The mean true positive rates for all robust boosting approaches for the high-dimensional setting were 1.00, except for the Bisquare loss with τ = 0.99 for 15% systematic corrupted data (0.99) and also the Huber loss with τ = 0.954 for systematic corruption, which performs similar to the L 2 loss for boosting and lasso. The same was true for the low-dimensional setting, where all other robust approaches have a true positive rate of at least 0.99. Boosting with the L 2 loss started also with 1.00 for non-corrupted data, but with rising amounts of corruption dropped to 0.97 for non-systematic and to 0.79 for 15% systematic corrupted data.

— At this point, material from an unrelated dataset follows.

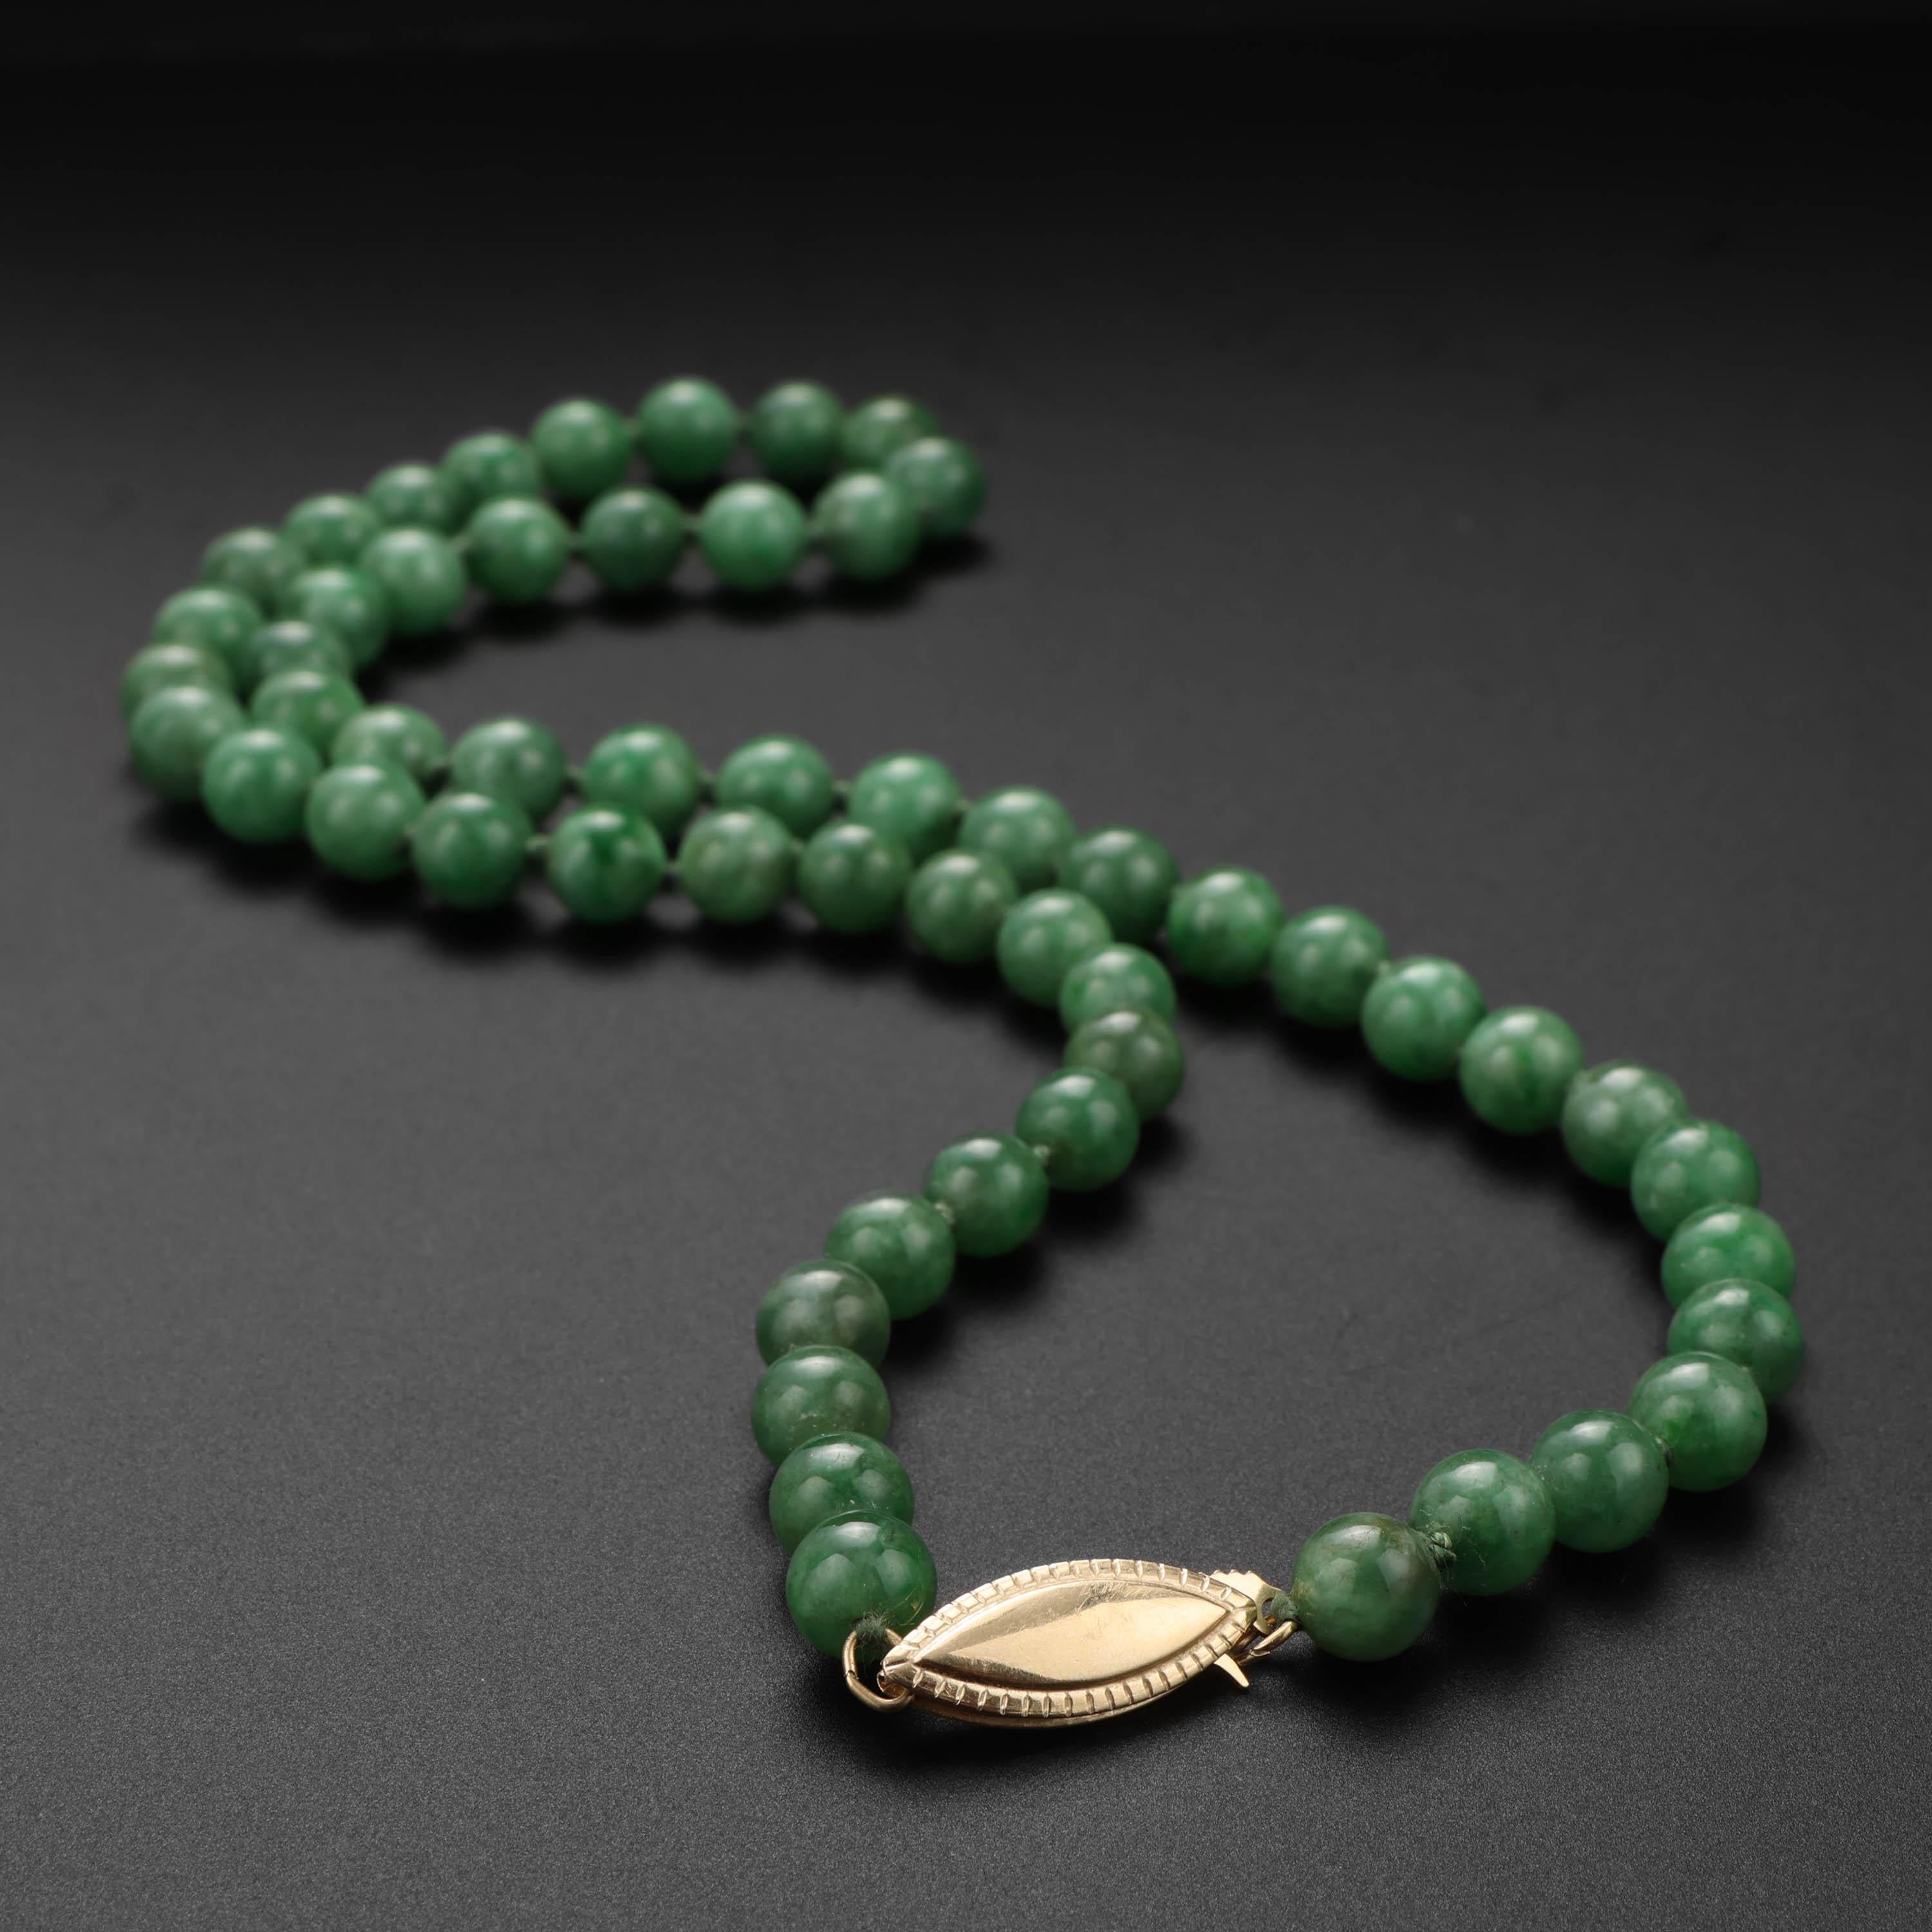 This gorgeous, emerald-green jadeite jade necklace features 56 natural and untreated jadeite jade beads that graduate in size from 6mm to 7.4mm. A 14k yellow gold marquise clasp completes the 16

The true negative rate generally differs between the low- and high-dimensional settings, since a selected variable in the low-dimensional setting has a bigger impact on the mean percentage number of (falsely) selected variables, resulting in generally lower rates for the low-dimensional setting. For 0% corruption, boosting with the L 2 loss led to a mean true negative rate of 0.70, while the mean true negative rates for the robust approaches ranged between 0.49 and 0.67, with higher rates for the default Huber (0.66) and Bisquare (0.67) losses. For corrupted data situations, the L 2 loss still yielded at least the second highest rate, with higher rates for higher amounts of corruption and also for systematic data corruption. This applies also for most robust loss functions, where boosting with the Bisquare loss using the robustness quantile level τ = 0.99 yielded a mean true negative rate of 0.86 for 15% systematic corruption, which is the highest for this setting.

The high-dimensional settings showed generally similar results regarding the true negative rate. The standard L 2 boosting approach yielded at least a mean true negative rate of 0.94, which is close to highest in all settings. Besides the non-adaptive L 1 approach, the adaptive Bisquare loss with default robustness quantile level as well as with quantile level τ = 0.95 resulted also in quite high true negative rates, whose means range from 0.92 to 0.98 and from 0.88 to 0.97, respectively. Using lower robustness quantile levels resulted in a higher variability for different settings with a minimum mean true negative rate of 0.75 (Huber loss with k = 1).

Due to the large number of parameters p = 15,000 for the ultra-high-dimensional setting the mean true negative rates are rather close to 1. The true positive rate decreased drastically for the non-robust L 2 loss function for lasso and boosting from 0% corruption over non-systematic to 15% systematic corruption from 0.94 to 0.16 and 0.95 to 0.22, respectively. The least robust Huber loss (k = 2) performed still comparably good for non-systematic corruption, but ended also with a mean true positive rate of 0.23 for 15% systematic corruption. In contrast the more robust Huber loss with default quantile or τ = 0.683 performed for both kinds of corruption well, as does the Bisquare loss, especially for systematic corruption.

In comparison to the other losses, boosting with the L 2 loss resulted in a higher mean true negative rate for the same simulation settings. This is due to a relatively early stopping of the algorithm in case of corrupted data situations, as the tuning of m stop via resampling on the corrupted training data detects faster overfitting. The classical lasso with L 2 loss behaved again very similar to the L 2 boosting approach for each kind and each amount of corruption and also respectively for the low-, high- and ultra-high-dimensional setting. Regarding variable selection L 1 lasso was not comparable due to non-sparse model fits. The positive predictive value and negative predictive value for the simulations can be found in Table S1 in the supplement, where also the results of the sensitivity analyses (see Table S4, S5 and Table S8, S9) are reported, which led overall to comparable results to the original scenarios.

3.4 Interpretation of simulation results

Our simulations indicate that the LS/M-estimators tend to overfit the training data even in the relatively low-dimensional setting with p = 50 and n = 200, as no regularization or variable selection is incorporated. As expected, this can be already observed in settings without any corrupted observations.

This is not the case for the considered boosting approaches, where particularly the standard L 2 loss resulted in a high mean true negative rate for boosting and the lasso. Even though this is a major advantage for non-corrupted data situations, it also led to lower mean true positive rates particularly in systematically corrupted settings in comparison to all robust boosting approaches. Additionally, the quadratic influence of the L 2 loss and its sensitivity to (systematic) corruption led to higher MAEPs, whereas for larger amounts of corrupted observations and both types of corruptness, the Bisquare loss still worked quite well. A plausible reason for this is the bounded structure of the loss function, which drastically reduces the influence of large outliers.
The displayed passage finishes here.